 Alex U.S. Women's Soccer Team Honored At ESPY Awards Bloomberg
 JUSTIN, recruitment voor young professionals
========================================================================
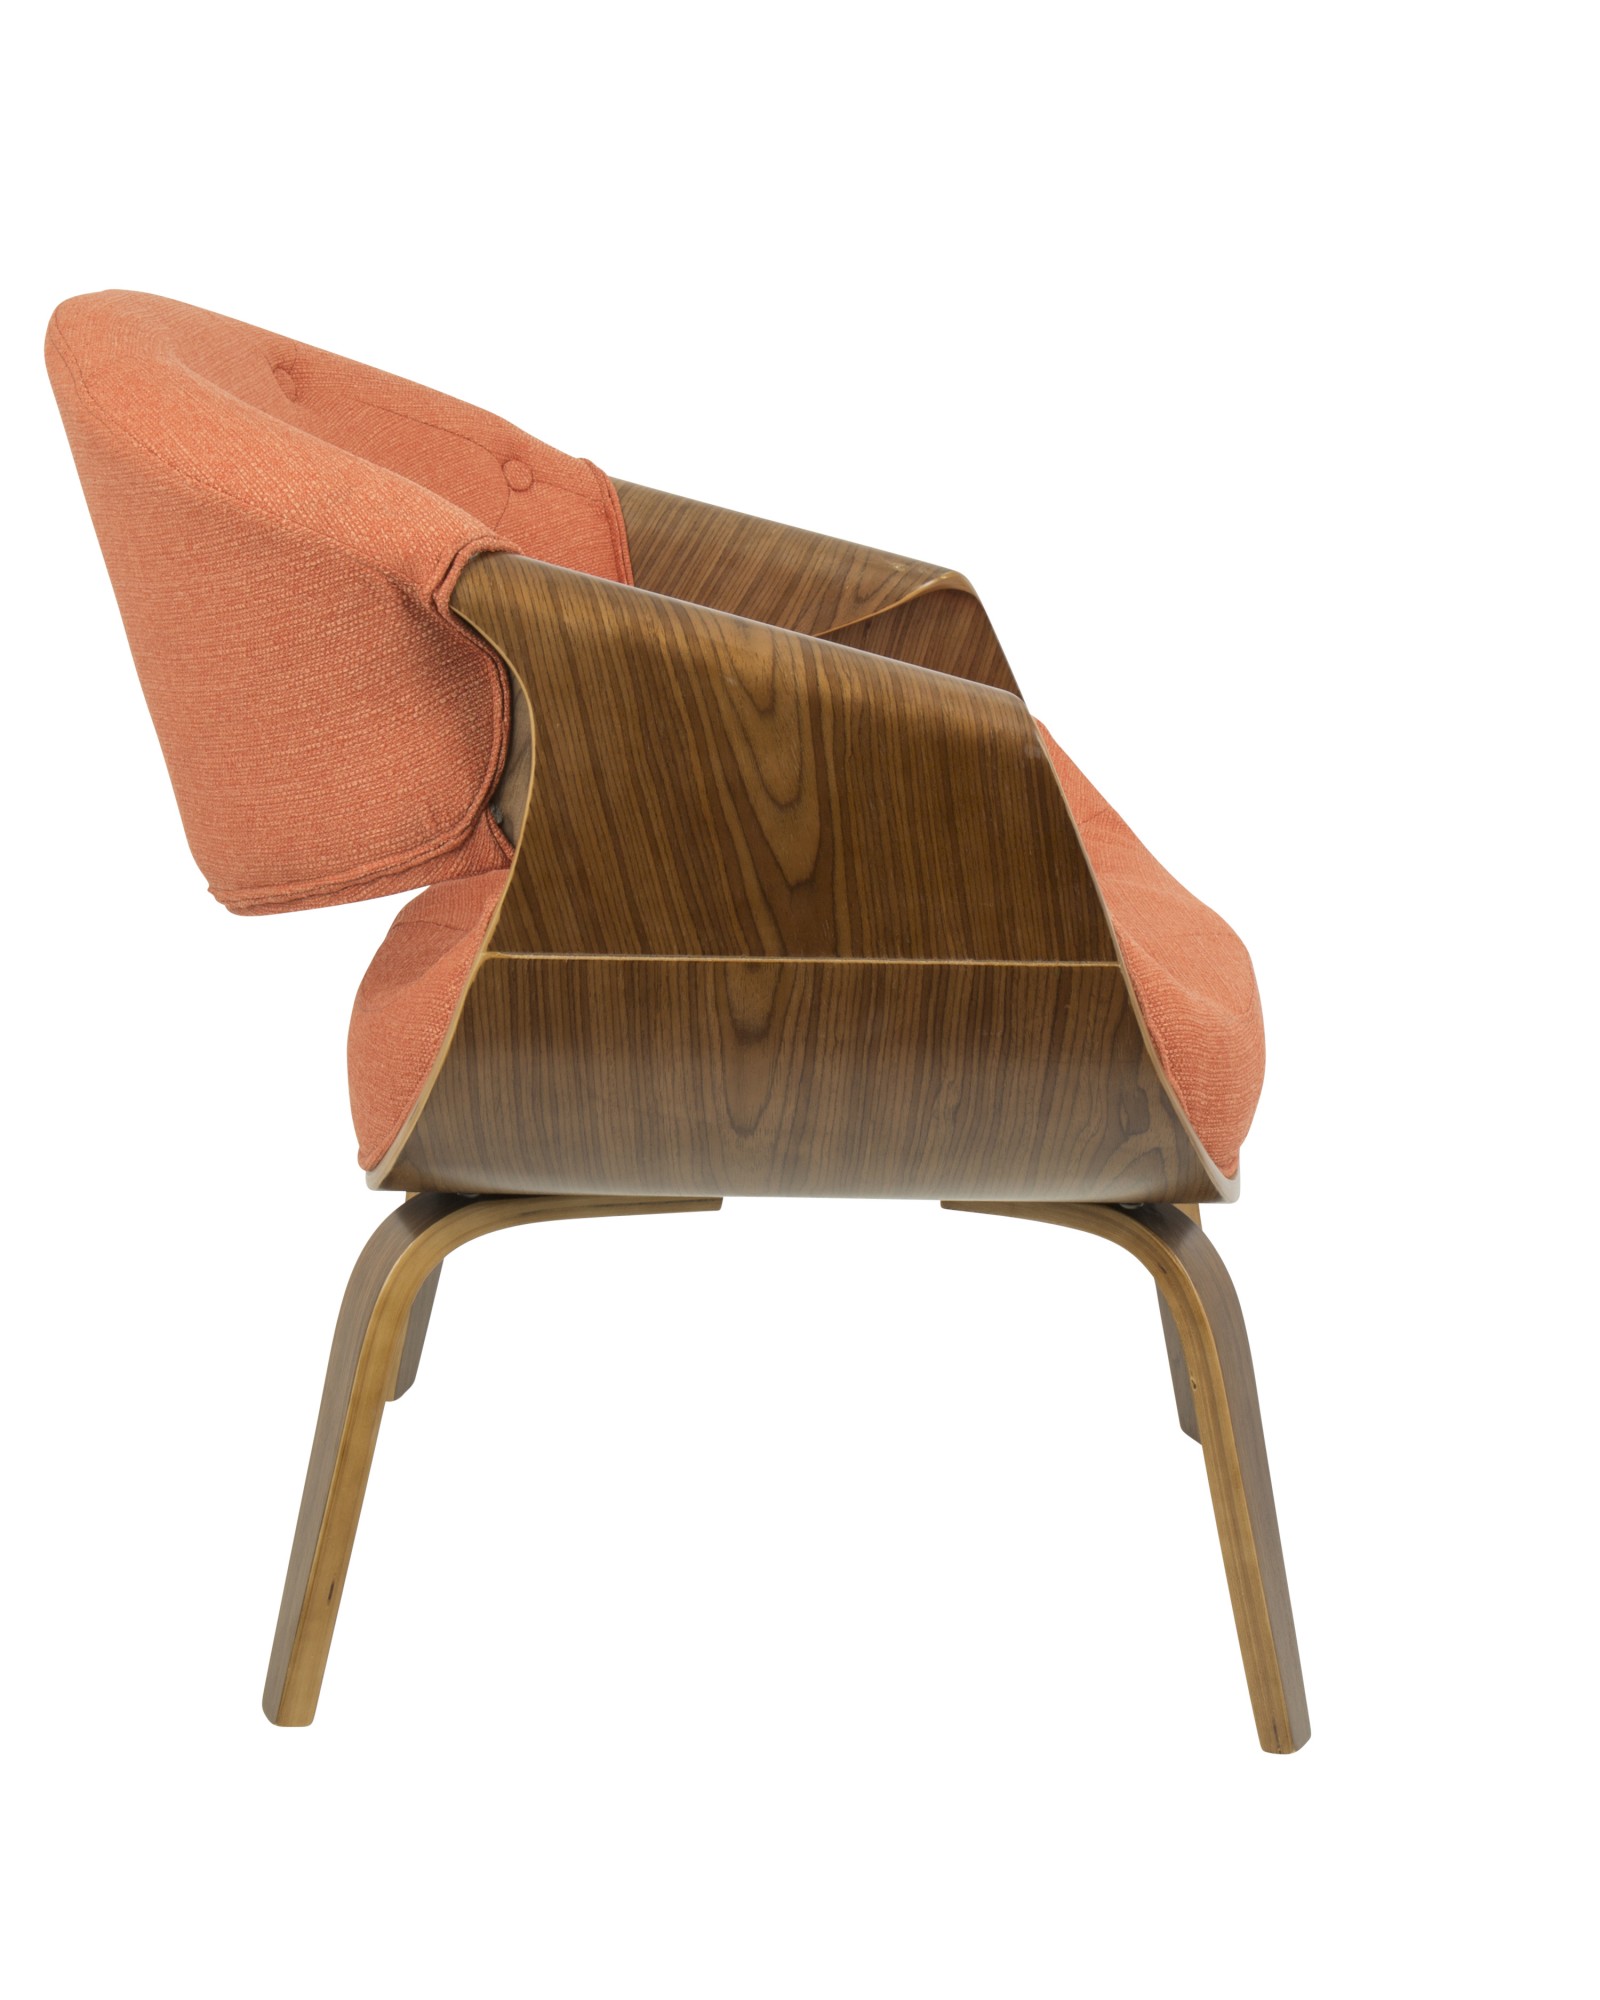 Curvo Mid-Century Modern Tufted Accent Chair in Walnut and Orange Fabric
========================================================================
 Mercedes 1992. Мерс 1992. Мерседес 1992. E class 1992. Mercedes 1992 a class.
========================================================================
An exact copy of the lines above between the line holding "Alex U.S. Women's" and the line holding "JUSTIN, recruitment voor young professionals", inclusive, is the whole answer.

## [Written answer]
 Alex U.S. Women's Soccer Team Honored At ESPY Awards Bloomberg
 JUSTIN, recruitment voor young professionals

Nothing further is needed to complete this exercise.